When I say 'sexually liberated', I mean how much you enjoy sex and how free you are to enjoy sex without any guilt, shame or hang-ups about it. Some people have religious brainwashing that makes them feel ashamed or inhibited about having plenty of sex, whereas other people are free and have no guilt or shame attached to sex whatsoever; they just enjoy it.

So which of these categories would you fall into:

1) You have absolutely no guilt, shame or inhibitions about sex whatsoever. You think casual sex is fine, as long as all partners are legal and consenting. You believe sex is a natural, normal human need and is there to be enjoyed without guilt or hang ups. You are sexually adventurous and open minded, and have no problem experimenting with different things in the bedroom.

2) You aren't against casual sex, but you're not 100% guilt or shame free when it comes to sex. You mostly enjoy sex, but experience slight hang ups about it here and there. You might try new things in the bedroom if you are talked into it, but you are not totally sexually free.

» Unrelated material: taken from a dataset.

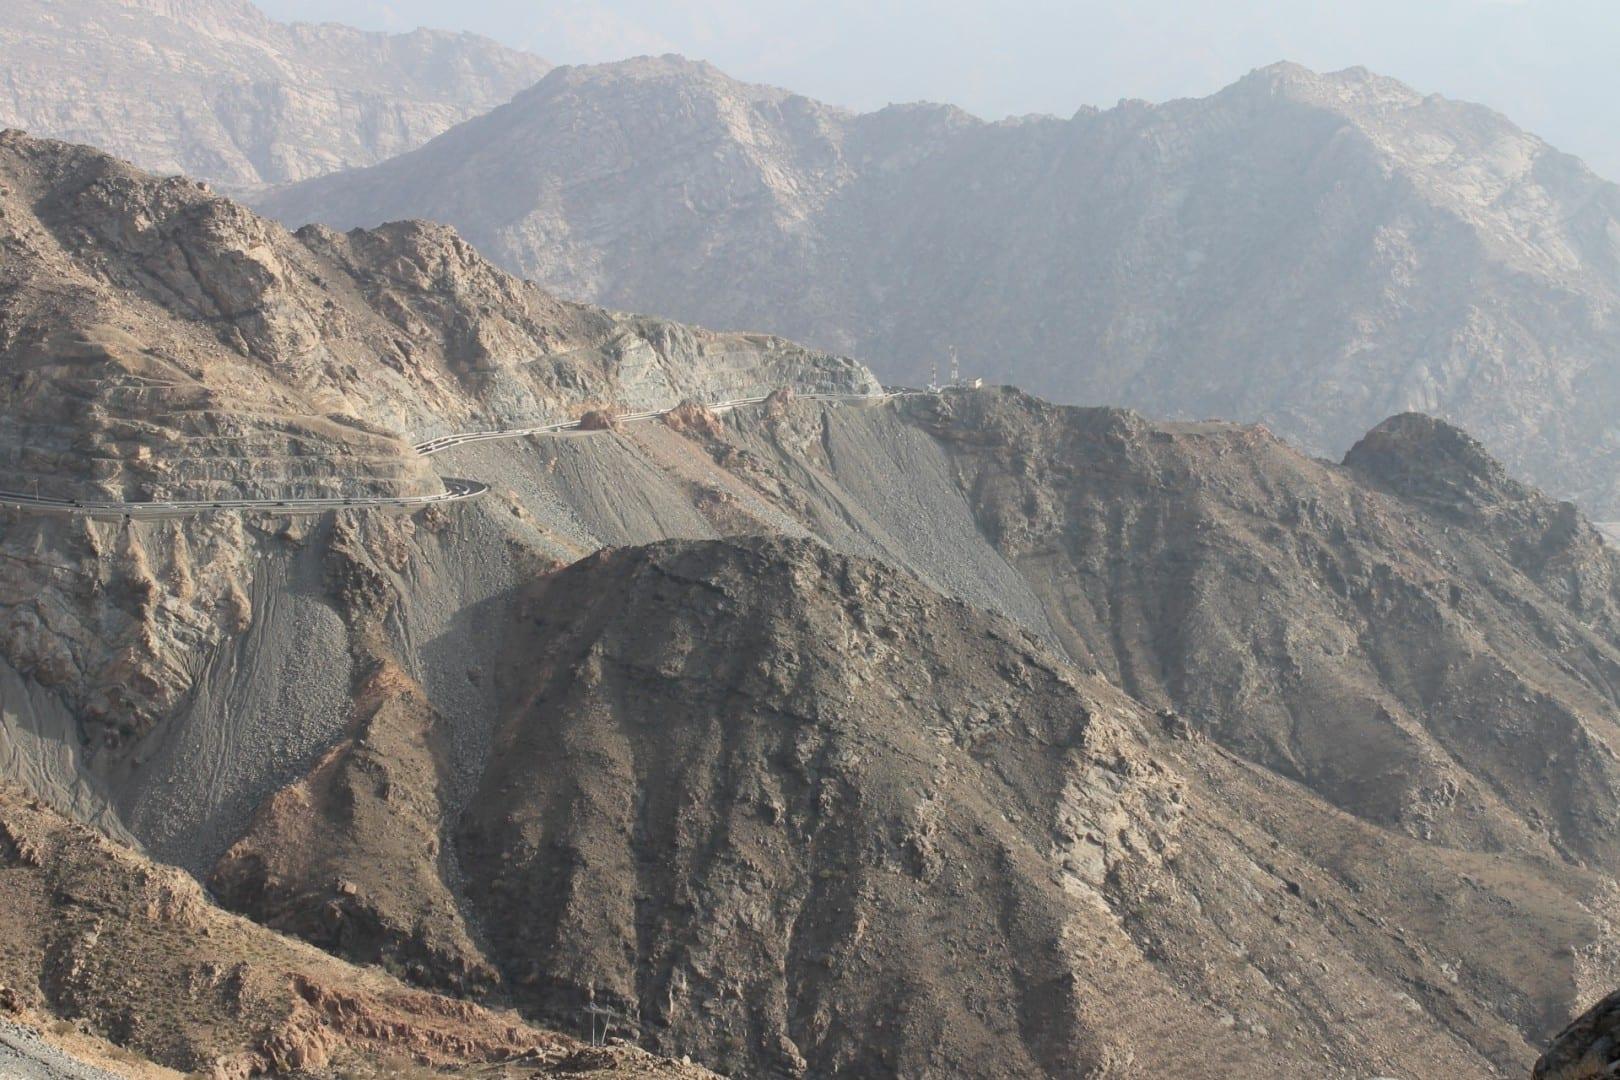 Las montañas cerca de Taif Taif Arabia Saudí

3) You are against casual sex. You will only have sex if you're in a serious monogamous relationship or married. You prefer bland, vanilla sex and don't like to experiment and try new things sexually.

4) You have extreme guilt or shame associated with sex, you get embarrassed about sex and try to hide or suppress your sexuality.

For me, I'm definitely in category 1. I have no negative emotions in regards to sex at all. It's a normal and natural thing to be enjoyed with whoever you like.
(edited 8 years ago)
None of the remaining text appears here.